Nigeria ends 2018 on a cautious note — 2019 elections in focus

Nigeria ends 2018 on a cautious note — 2019 elections in focus
December 21
16:52 2018
Advertisement

It has been another monumental year for the Nigerian economy which continued to display resilience against domestic and external headwinds.

The healthy combination of easing inflationary pressures, foreign exchange stability and rising commodity prices initially stabilized Nigeria’s macro fundamentals. With domestic conditions clearly improving and foreign investor appetite increasing, expectations were elevated over the Central Bank of Nigeria (CBN) cutting interest rates to stimulate further growth. The outlook for Nigeria looked highly encouraging up until mid Q2 2018 when economic growth slowed for the first time since the end of the recession. The deceleration in growth acted as a critical wakeup call to speed up efforts in diversifying away from oil reliance.

However, sentiment was dented further by the repeated delay of the 2018 budget which was finally passed in June 2018. Although Nigeria managed to hold its ground during the first half of 2018, it must be kept in mind that the nation found itself vulnerable to external shocks – namely an appreciating Dollar and oil price volatility. An appreciating Dollar, global trade tensions and prospects of higher US interest rates punished many emerging markets in 2018 with Nigeria falling into the category. Although the Naira witnessed stability despite an appreciating Dollar, this came at a heavy price to the CBN in the form of falling external reserves.

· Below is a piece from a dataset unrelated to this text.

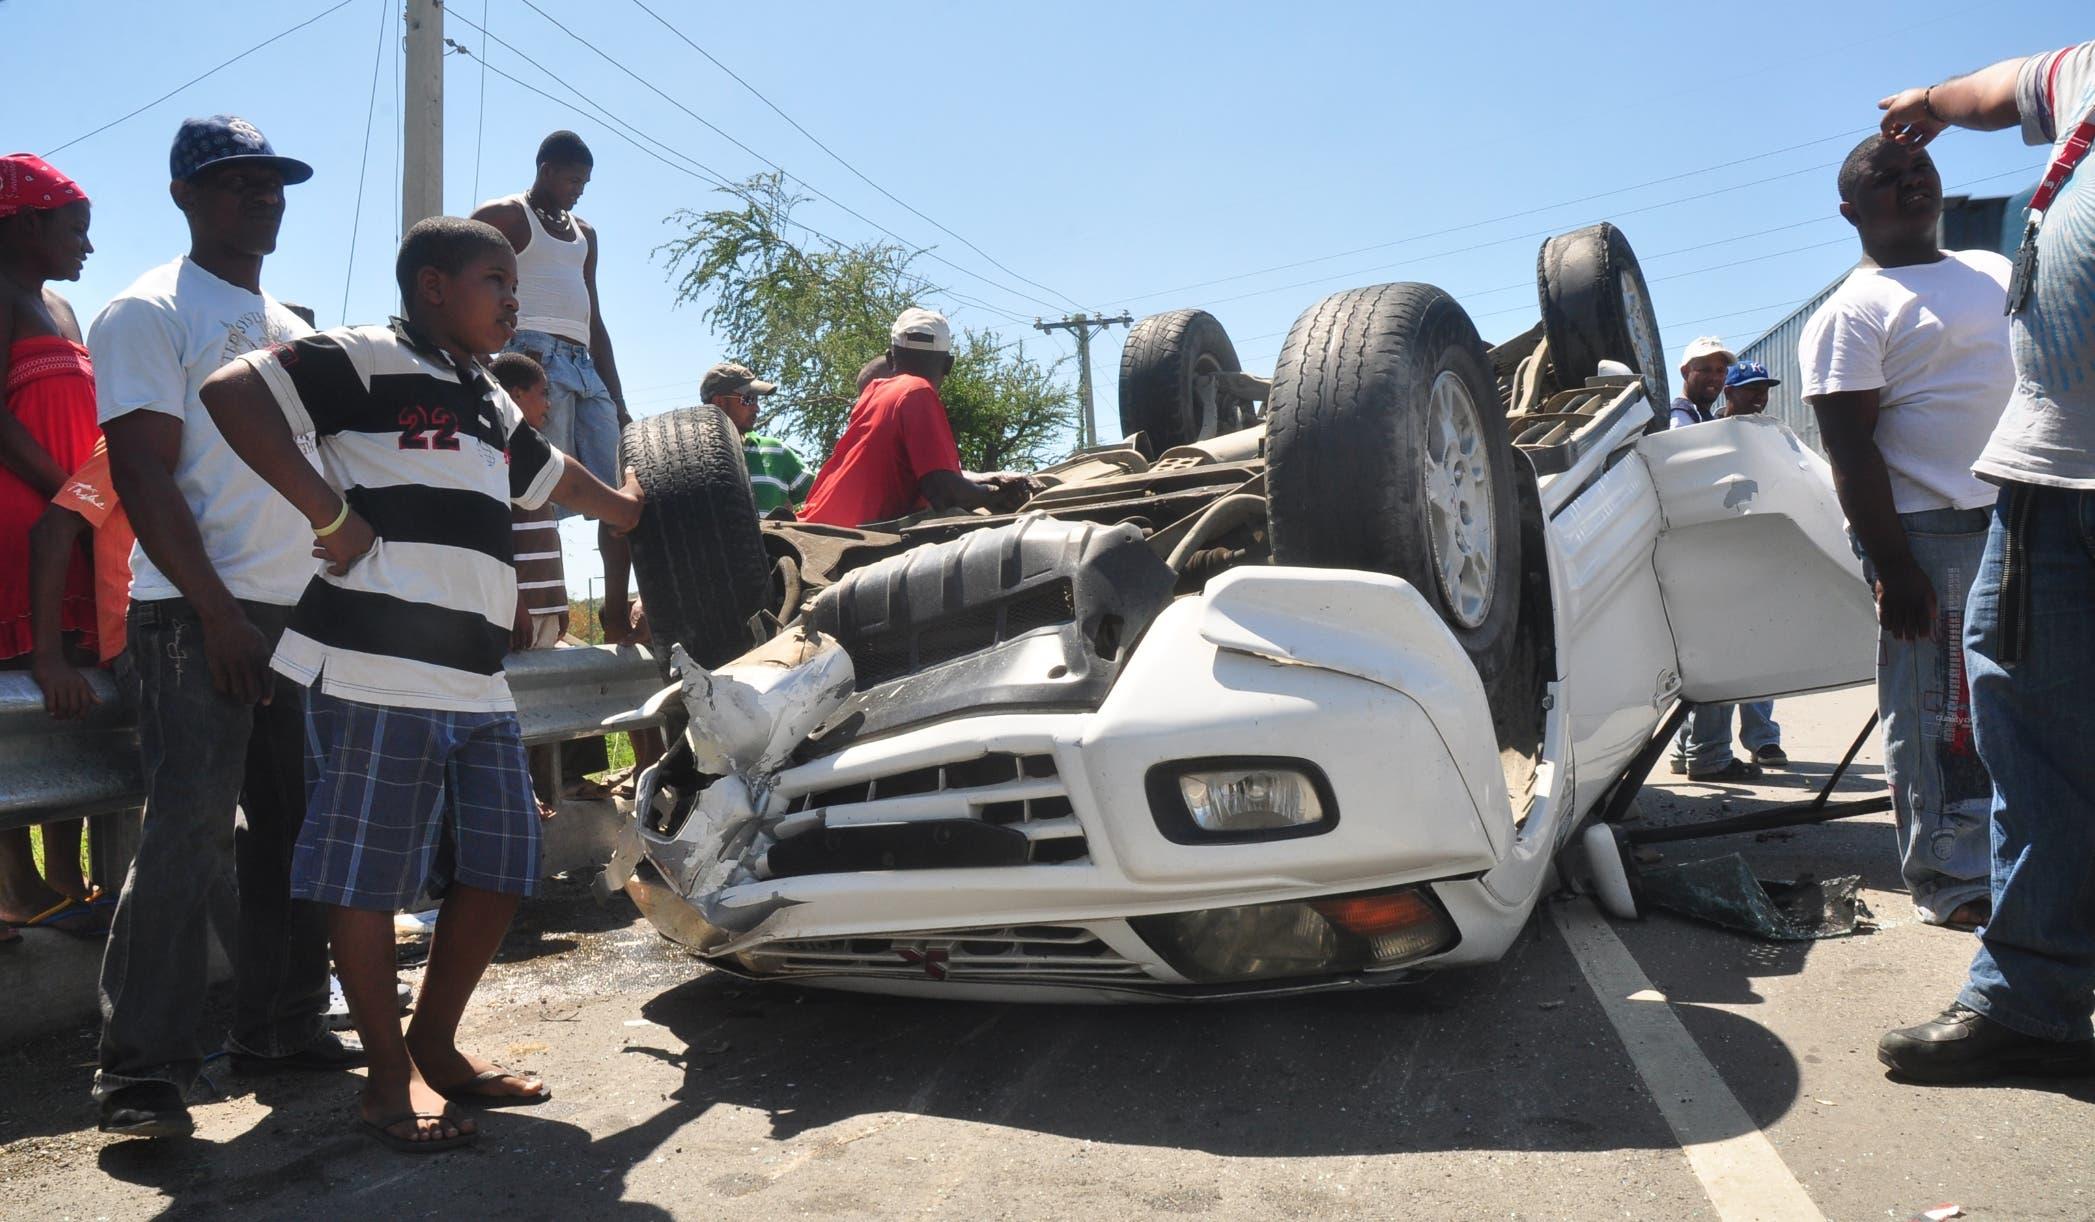 Comúnmente en un accidente vial  curiosos se aglomeran en el lugar del hecho, obstaculizando a los paramédicos y corriendo el riesgo de  provocar otro.

Global trade tensions presented a significant risk to Nigeria, especially when considering how the United States and China remain its biggest trading partners. With a trade war threatening global economic growth and demand for commodities, this presented challenges to Nigeria which remained heavily depended on earnings from oil exports. While there was scope for the CBN to cut interest rates to boost growth, this window of opportunity was missed when inflationary pressures returned.

Focusing on macro fundamentals, the picture looks somewhat encouraging with GDP expected to rise 2% in 2018. Signs of Non-Oil sectors contributing to growth will be a welcome development that highlights how Nigeria remains on a quest to break away from oil reliance. With Nigeria’s economic resilience potentially stimulating investor risk appetite, the Nigerian Stock Exchange has the opportunity to rebound in 2019. Although manufacturing production decreased 1.7% in September, a rebound could be in the cards as increased government spending ahead of the presidential elections boosts economic growth.

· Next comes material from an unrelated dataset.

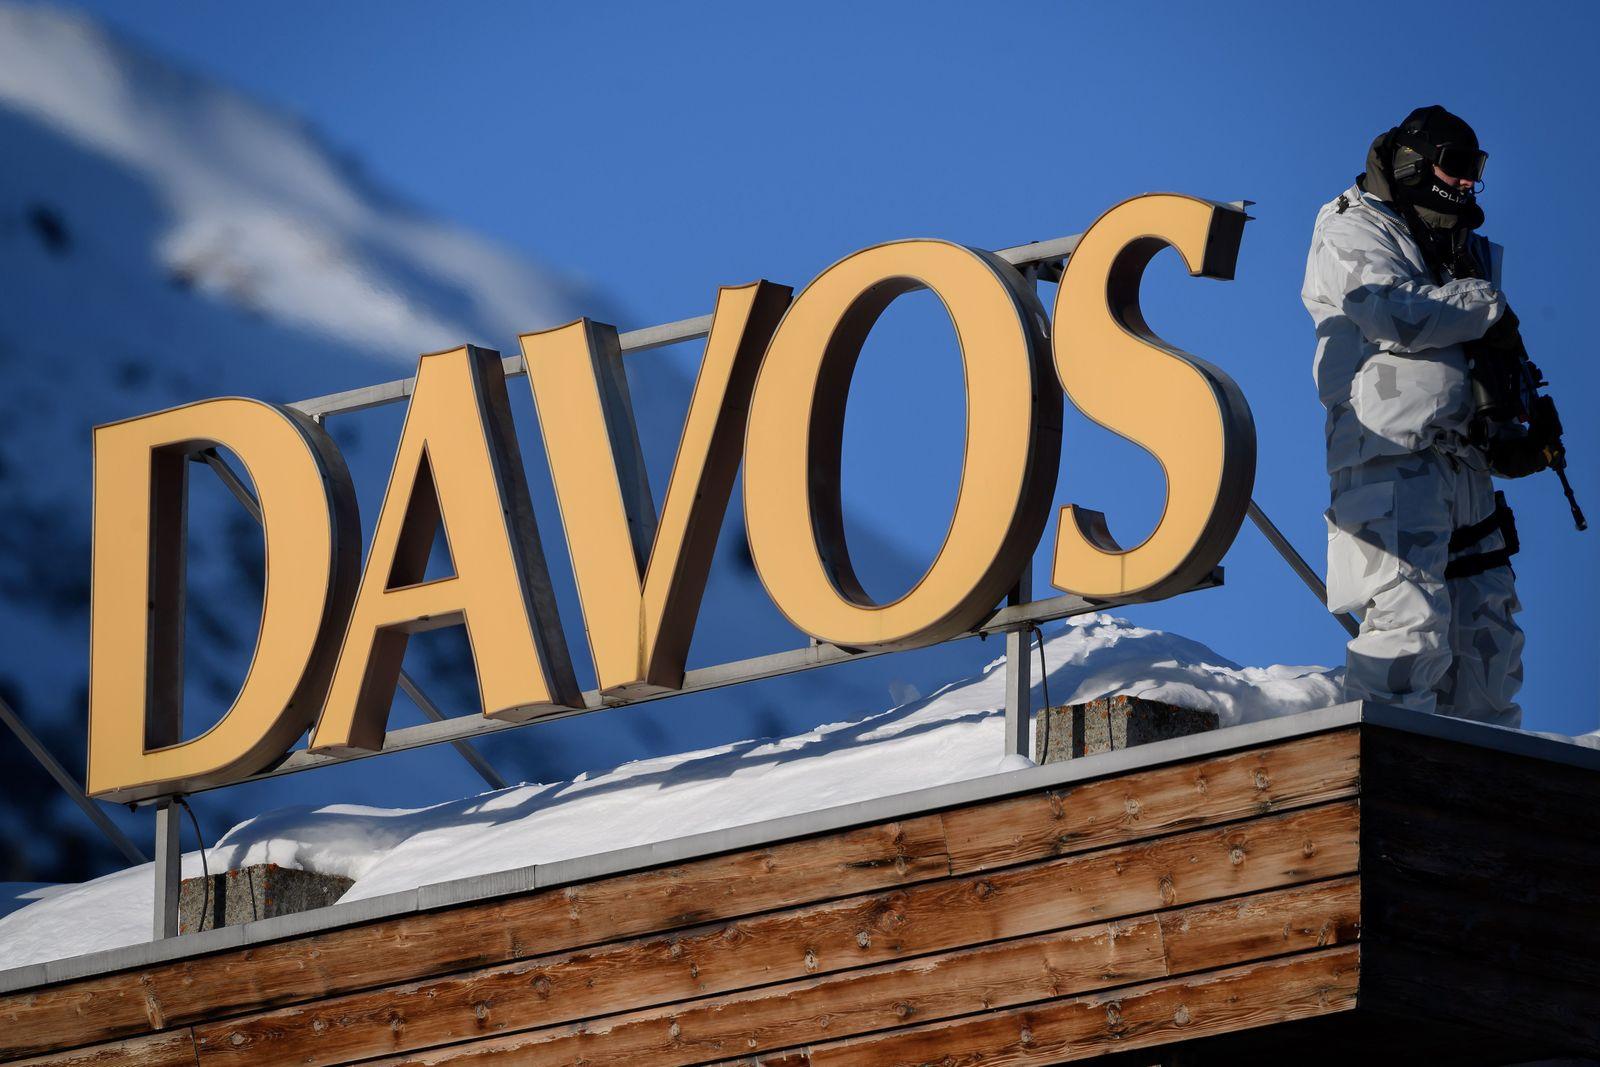 Davos / Polizei

In regards to CBN policy, falling oil prices are seen weighing on the Naira’s peg against the Dollar on the official exchange. This may complicate the CBN’s effort to defend the Naira on the parallel markets in 2019. While a weaker Dollar could limit capital outflows, falling oil prices are poised to shave government revenues.

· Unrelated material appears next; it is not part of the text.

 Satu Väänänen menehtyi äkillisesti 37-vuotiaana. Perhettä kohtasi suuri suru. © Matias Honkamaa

Focusing on oil prices, the outlook remains tilted to the downside amid oversupply fears and concerns over weaker oil demand. With markets struggling to find signs of the oil market rebalancing following OPEC and Russia’s deal to cut production by 1.2 million barrels per day and global growth fears fuelling concerns over falling demand, oil prices remain fundamentally bearish. Severely depressed oil prices have raised concerns over Nigeria’s ability to move forward with the 2019 budget which pegged oil prices at $60 per barrel. With falling oil prices eroding government revenues, Nigeria’s Excess Crude Account (ECA), which has already depleted by roughly 73% in three weeks, is seen falling further.

Although the short-term outlook paints a gloomy picture, as we enter the New Year there is still some light at the end of the tunnel. With diversification in motion, government spending expected to increase and infrastructure developments in the pipeline, the longer-term outlook remains bright.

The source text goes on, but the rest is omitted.